*** Opening of GIVEN INFORMATION ***

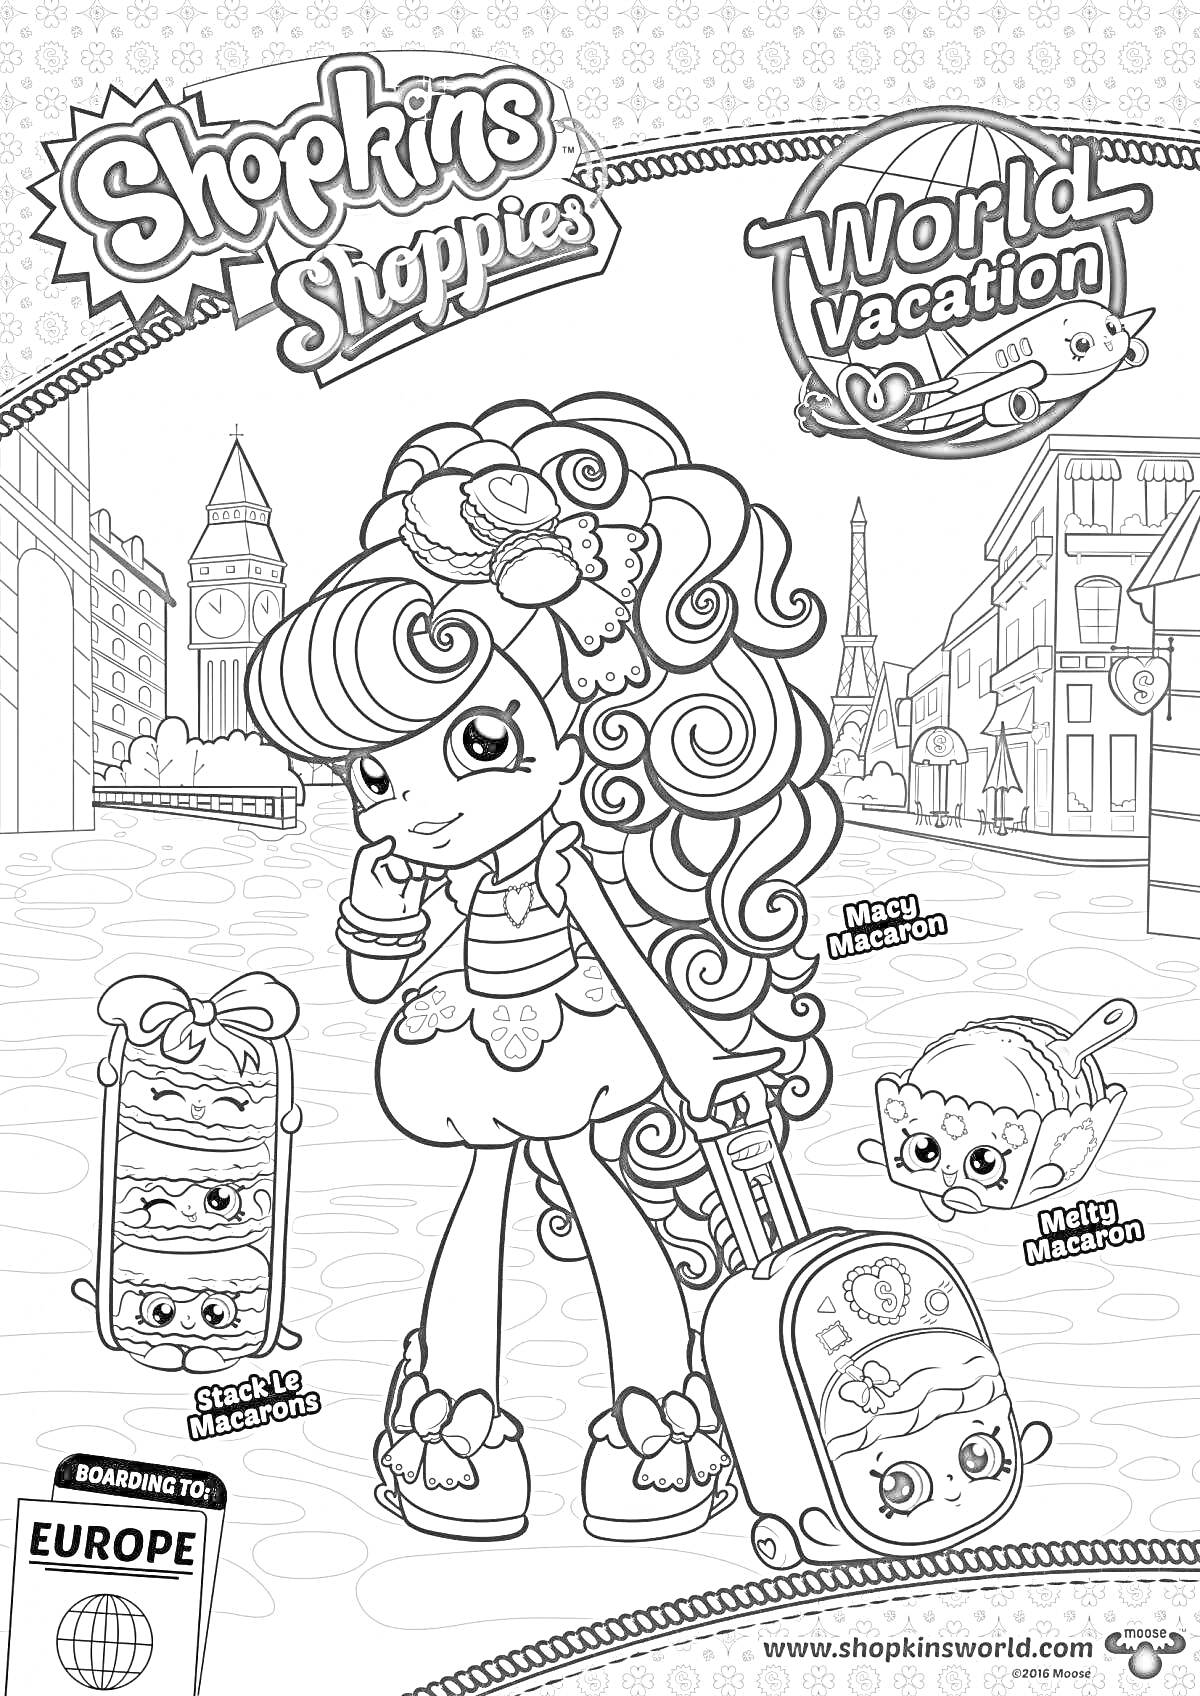 Раскраска Картинка-раскраска с изображением куклы Donatina из серии Shopkins Shoppies World Vacation на фоне европейского города. На изображении также есть наклейки с изображением Macy Macaroon и Mindy Macaron, а внизу страницы написано 
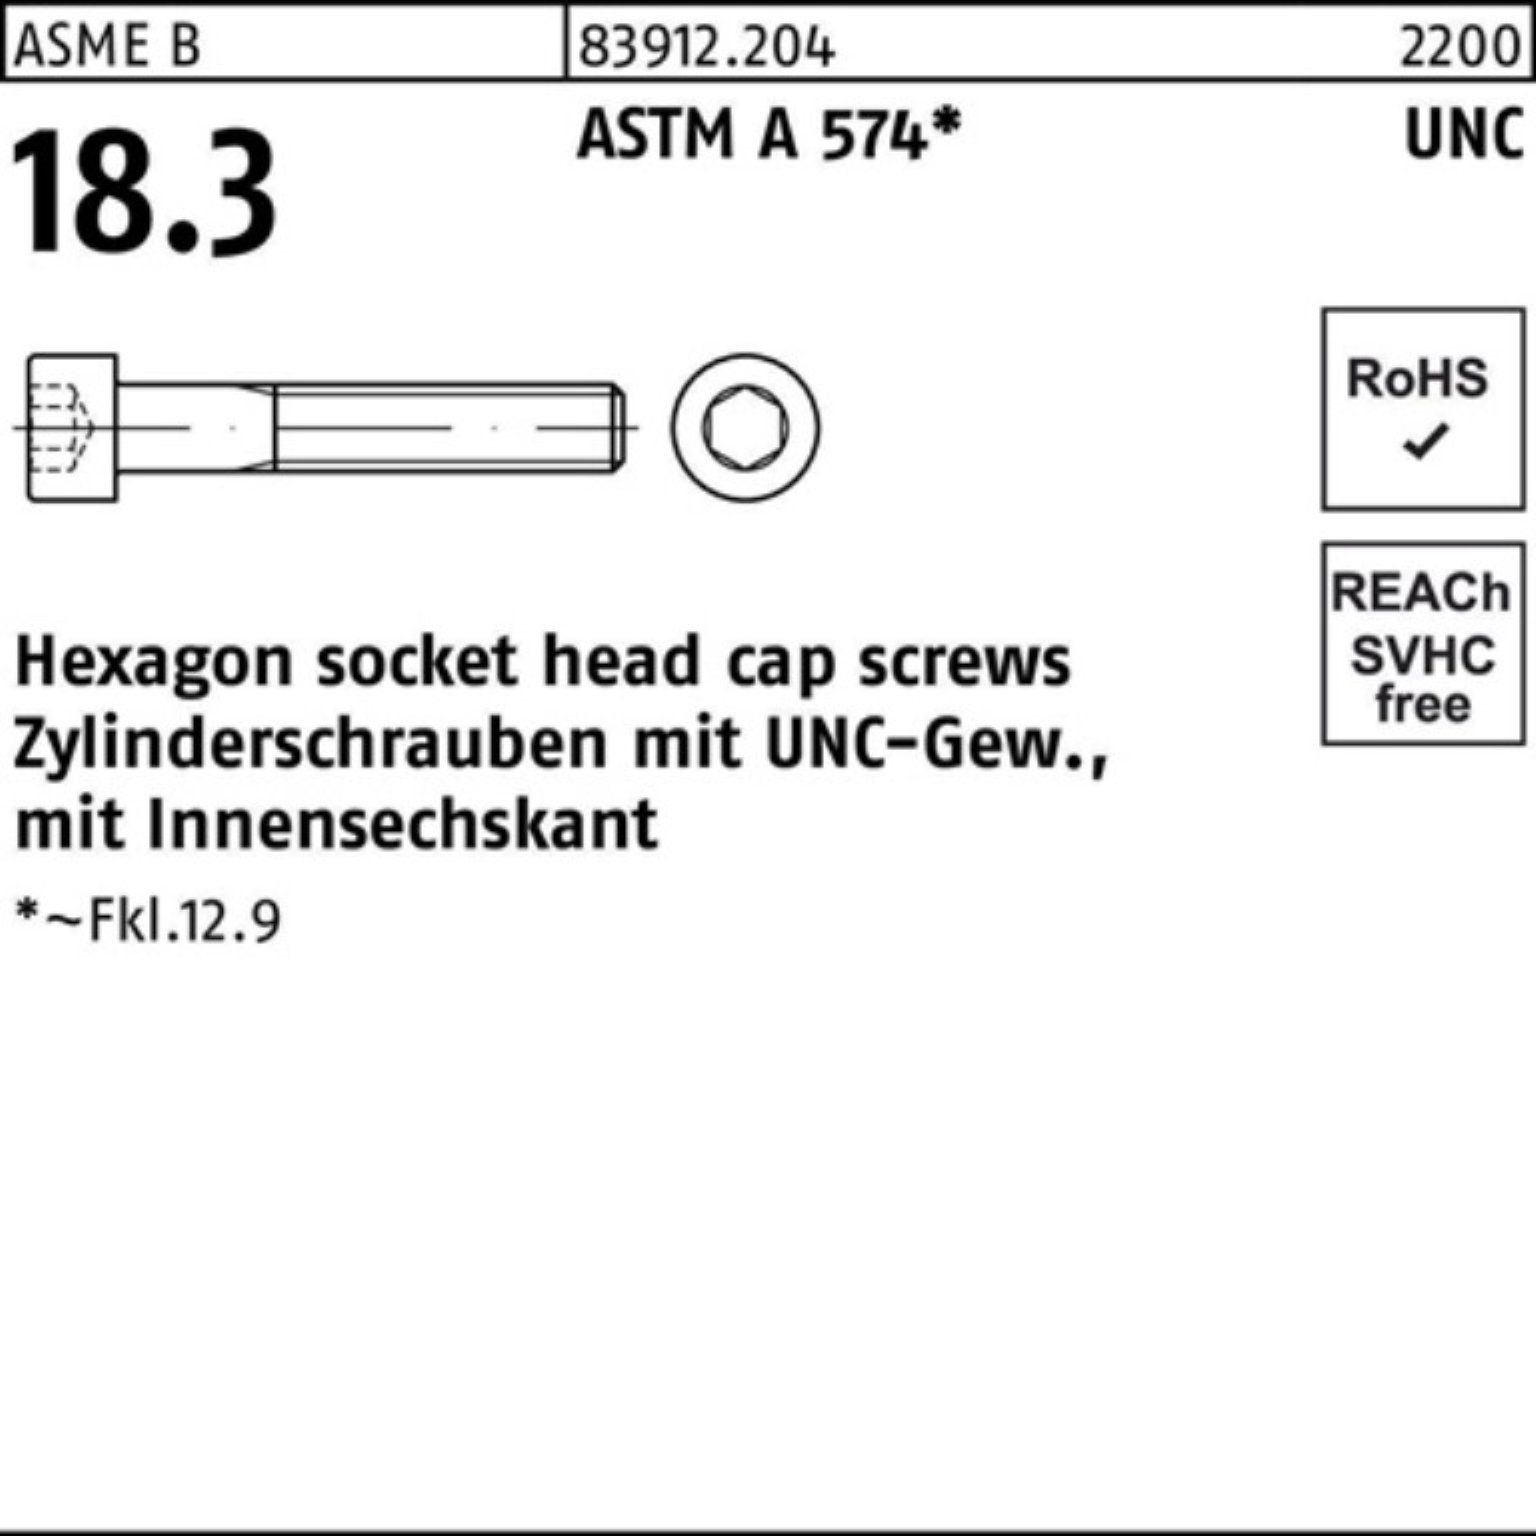 Pack Zylinderschraube 1/2 AST 200er UNC-Gewinde/Innen-6kt 83912 Reyher #10x R Zylinderschraube
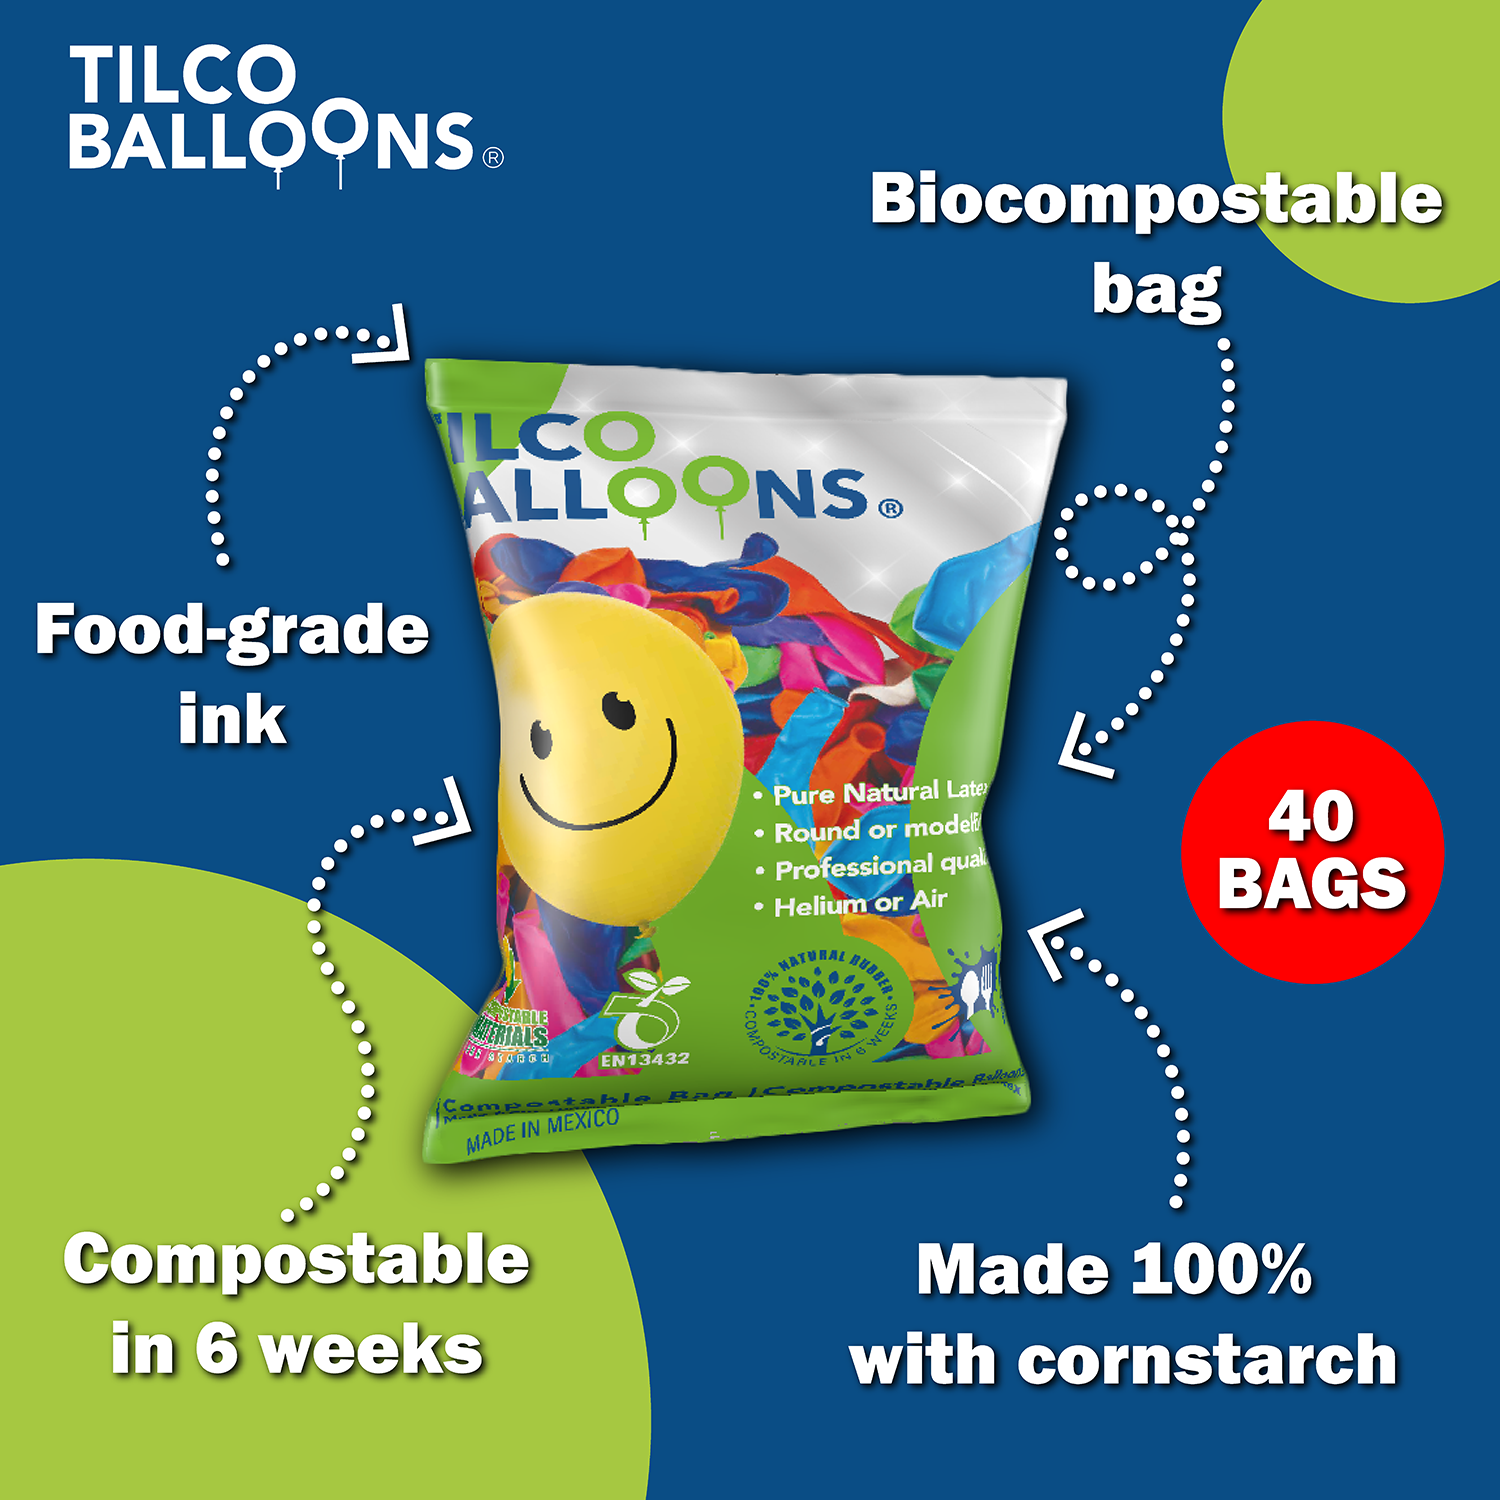 40 Bags Tilco Balloons
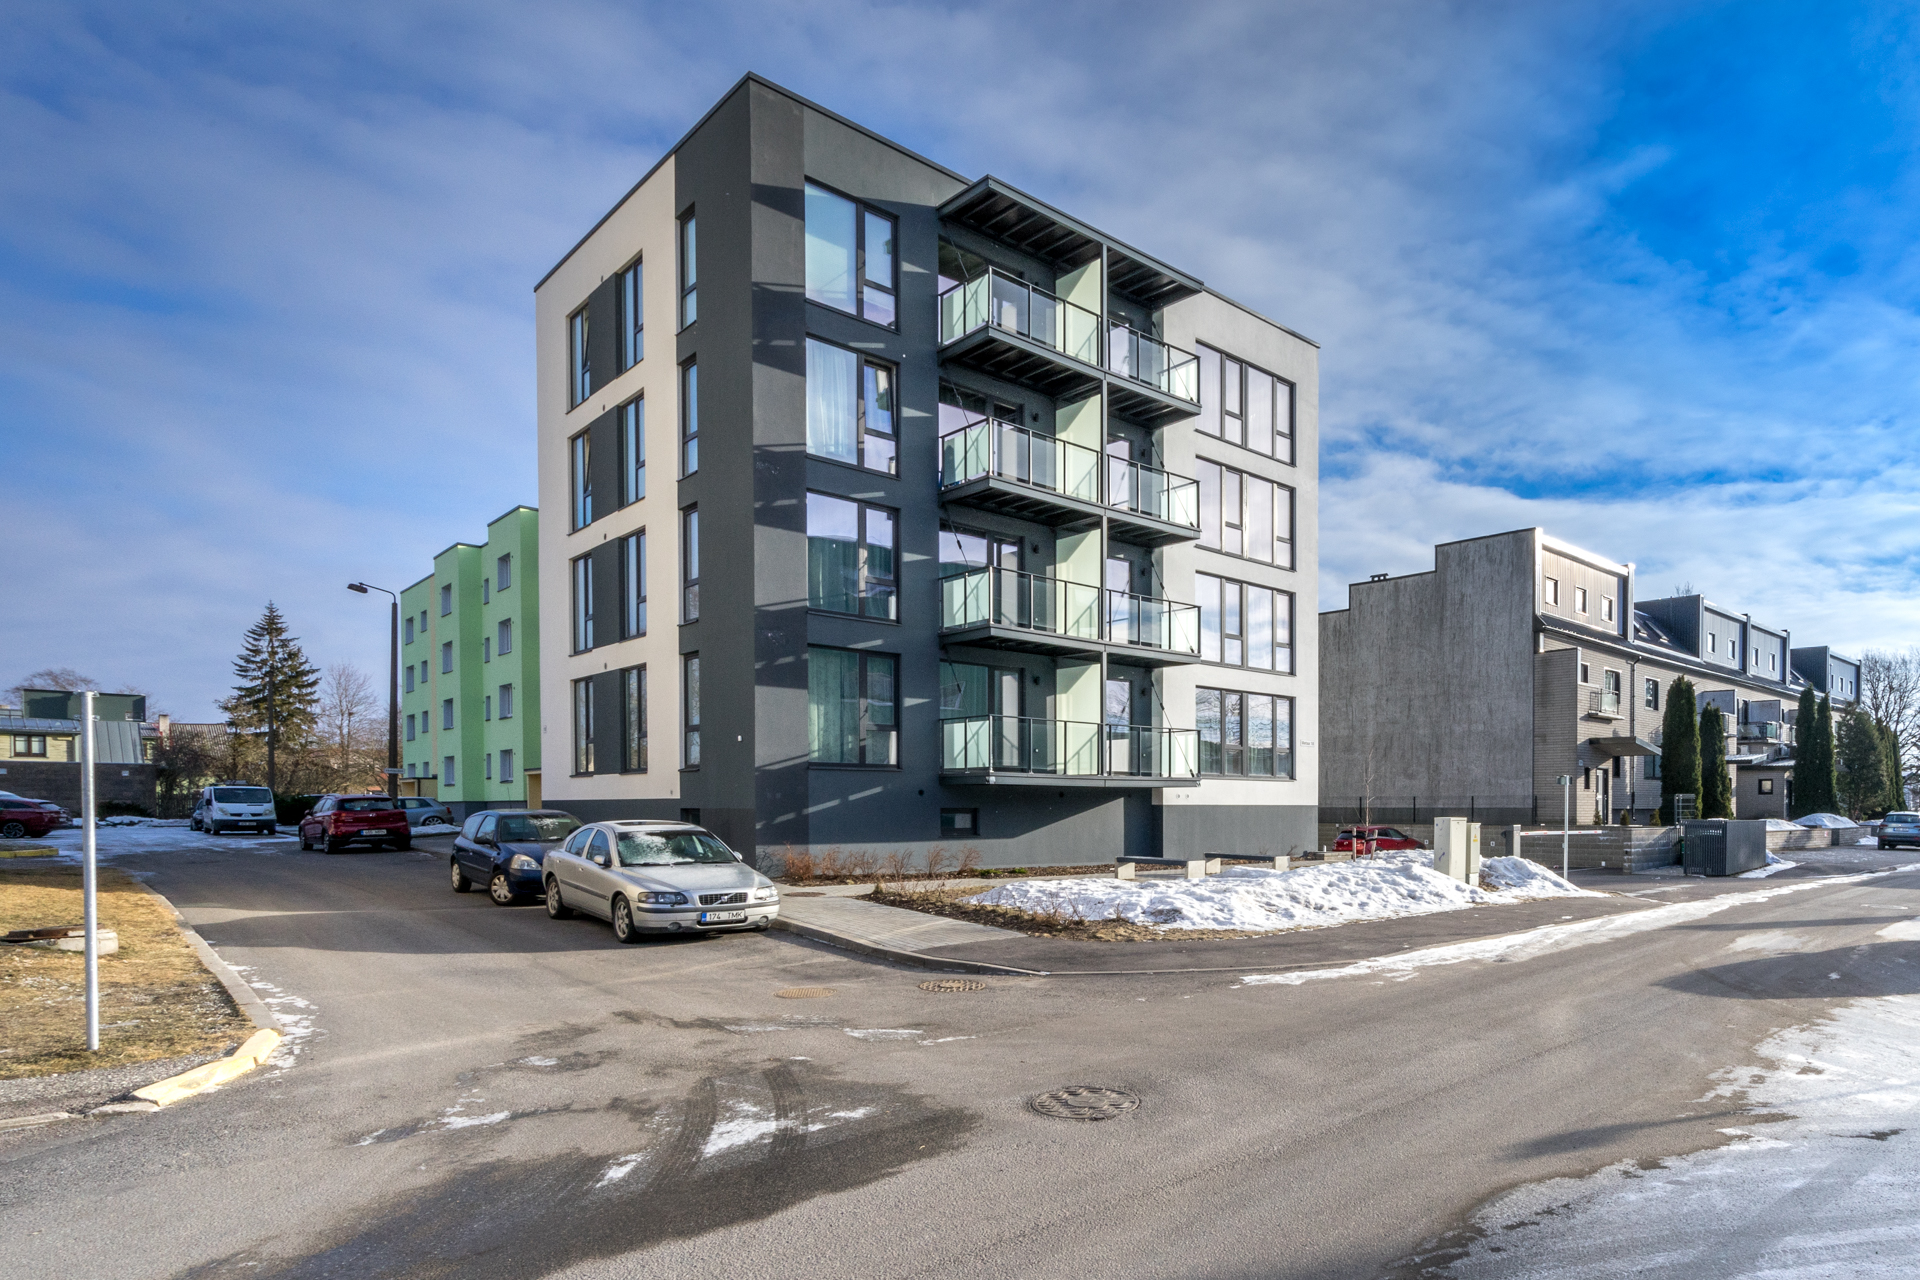 Müüa uus 4-toaline korter Pärnus, A-energiamärgisega elamus Metsa tn 18, Mai piirkonnas.

*** Close of GIVEN INFORMATION ***

• [EXERCISE PROMPT] Leave out the pictures. Transcribe the rest of the listing above exactly.

• [THE ANSWER]
 Раскраска Картинка-раскраска с изображением куклы Donatina из серии Shopkins Shoppies World Vacation на фоне европейского города. На изображении также есть наклейки с изображением Macy Macaroon и Mindy Macaron, а внизу страницы написано 
 Pack Zylinderschraube 1/2 AST 200er UNC-Gewinde/Innen-6kt 83912 Reyher #10x R Zylinderschraube
 40 Bags Tilco Balloons
 Müüa uus 4-toaline korter Pärnus, A-energiamärgisega elamus Metsa tn 18, Mai piirkonnas.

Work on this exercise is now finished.